Mechanical ventilation of patients with acute respiratory distress syndrome (ARDS) should balance lung and diaphragm protective principles, challenging to achieve in routine clinical practice. This interventional non blinded pilot study was aimed to determine whether computerized decision support–based protocol is feasible to implement, resulting in the improvised acceptance for the diaphragm and lung-protective ventilation improving the clinical outcomes over historical controls, through a Phase I clinical trial.

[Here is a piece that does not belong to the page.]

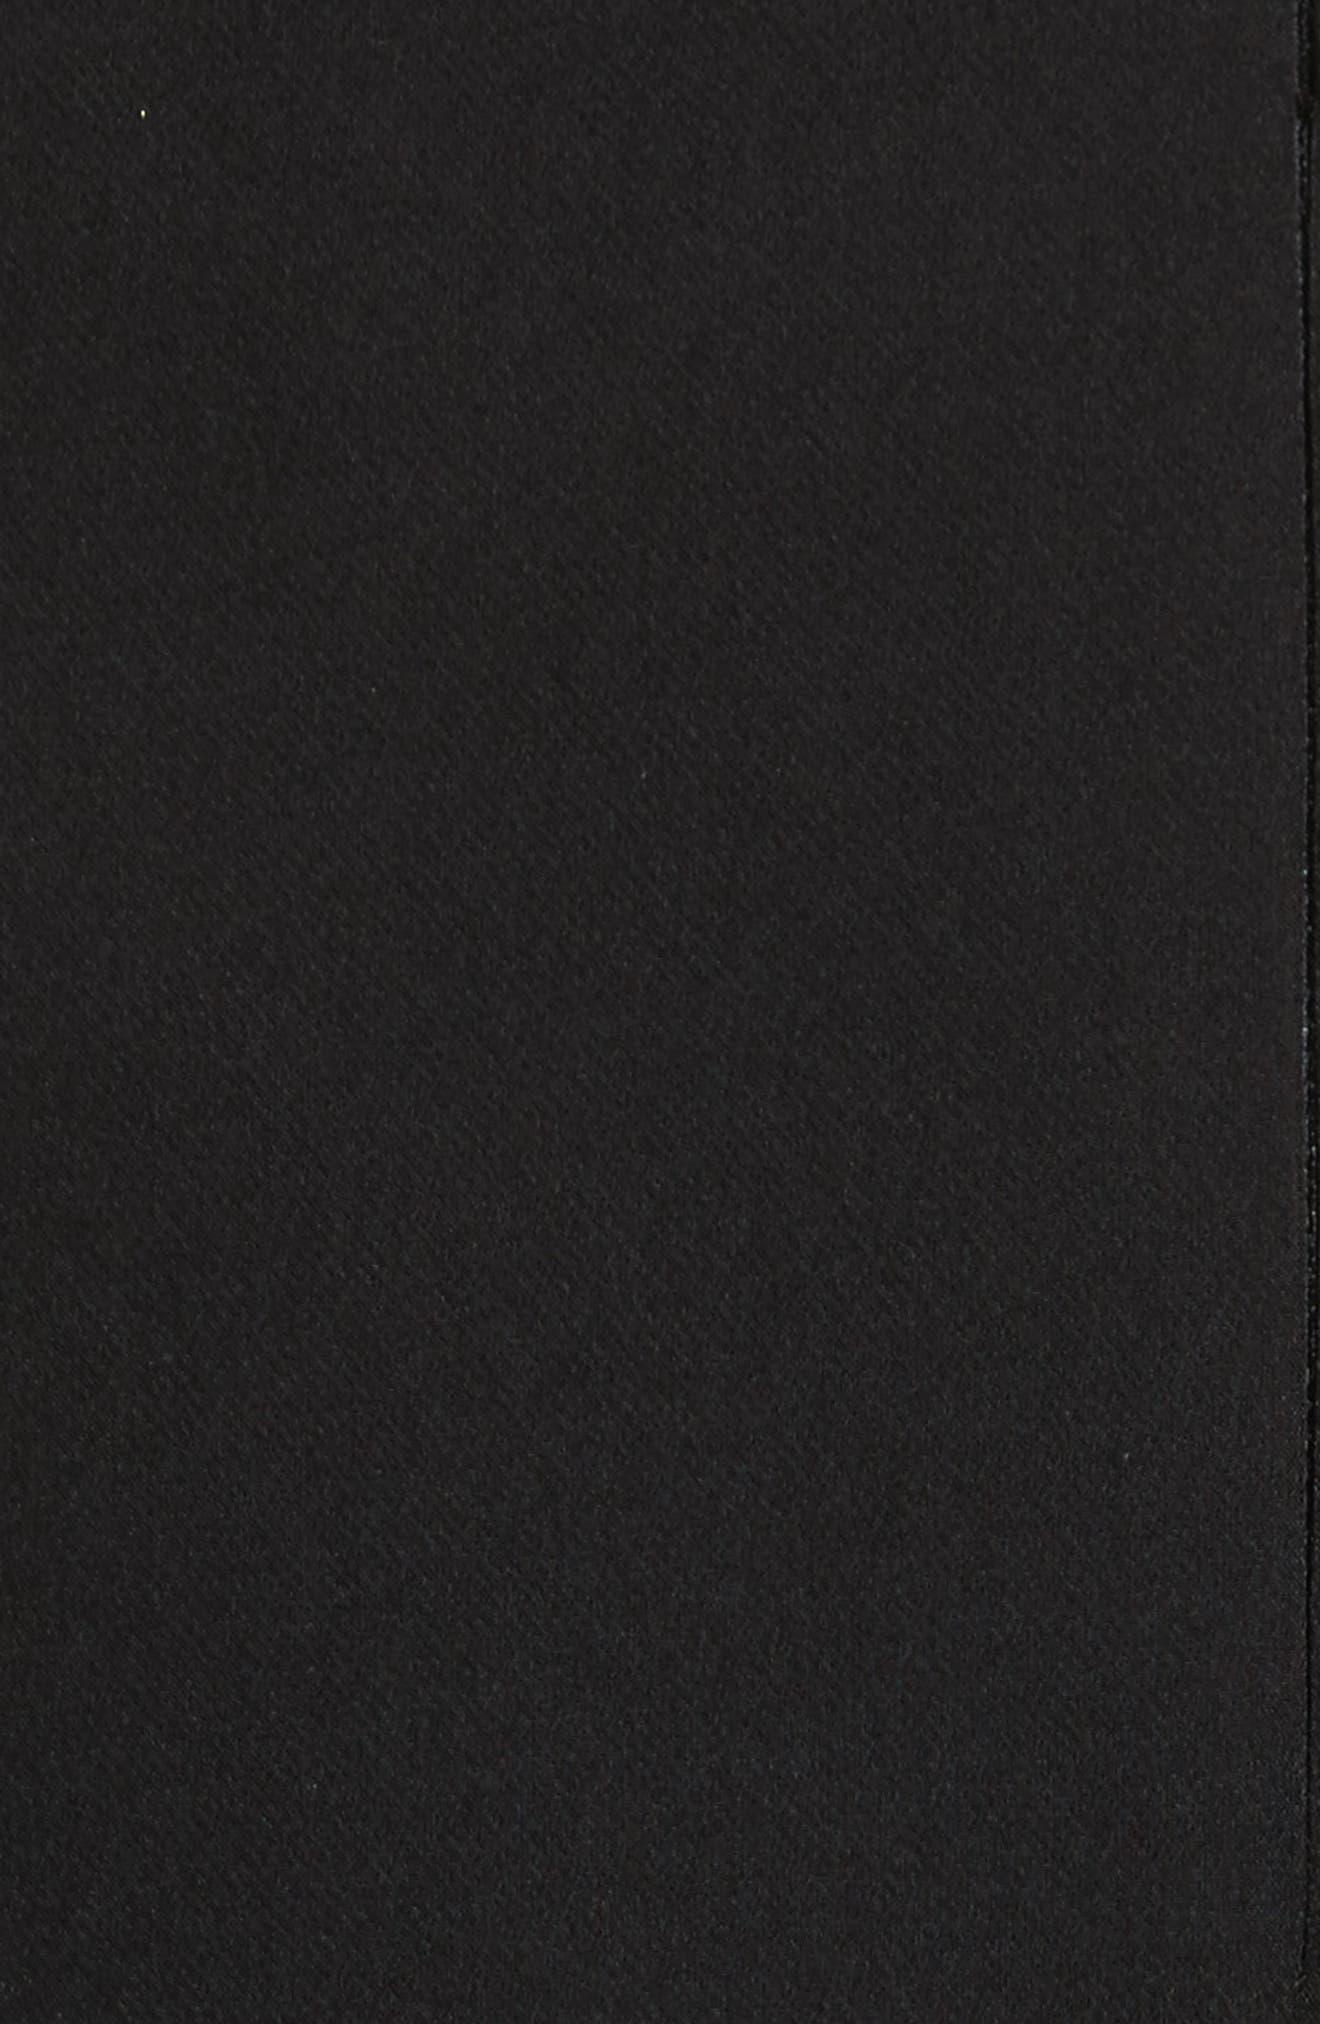 Brie Off the Shoulder Italian Cady Dress,                             Alternate thumbnail 5, color,                             Black

Thirty-two mechanically ventilated children with ARDS were included. Acceptance of protocol recommendations was over 75%. The real-time effort-driven ventilator management was associated with more than six days devoid of ventilation, lesser duration until the primary spontaneous breathing trial, and three or fewer days on mechanical ventilation amongst survivors than historical controls while maintaining no difference in the reintubation rate. Cumulatively throughout the study, 76% of protocol recommendations were followed by bedside providers. In the acute phase, 75% oxygenation recommendations (PEEP and Fio2) and 75% ventilation recommendations (ΔP and ventilatory rate) were accepted. During the weaning phase, 84% of the recommendations (pressure support) were accepted.

In conclusion, a CDS-based protocol targeting lung- and diaphragm-protective ventilation, including esophageal manometry, can achieve high protocol adherence rates in children with ARDS. It was associated with more lung-protective ventilation and better clinical outcomes than historical control patients.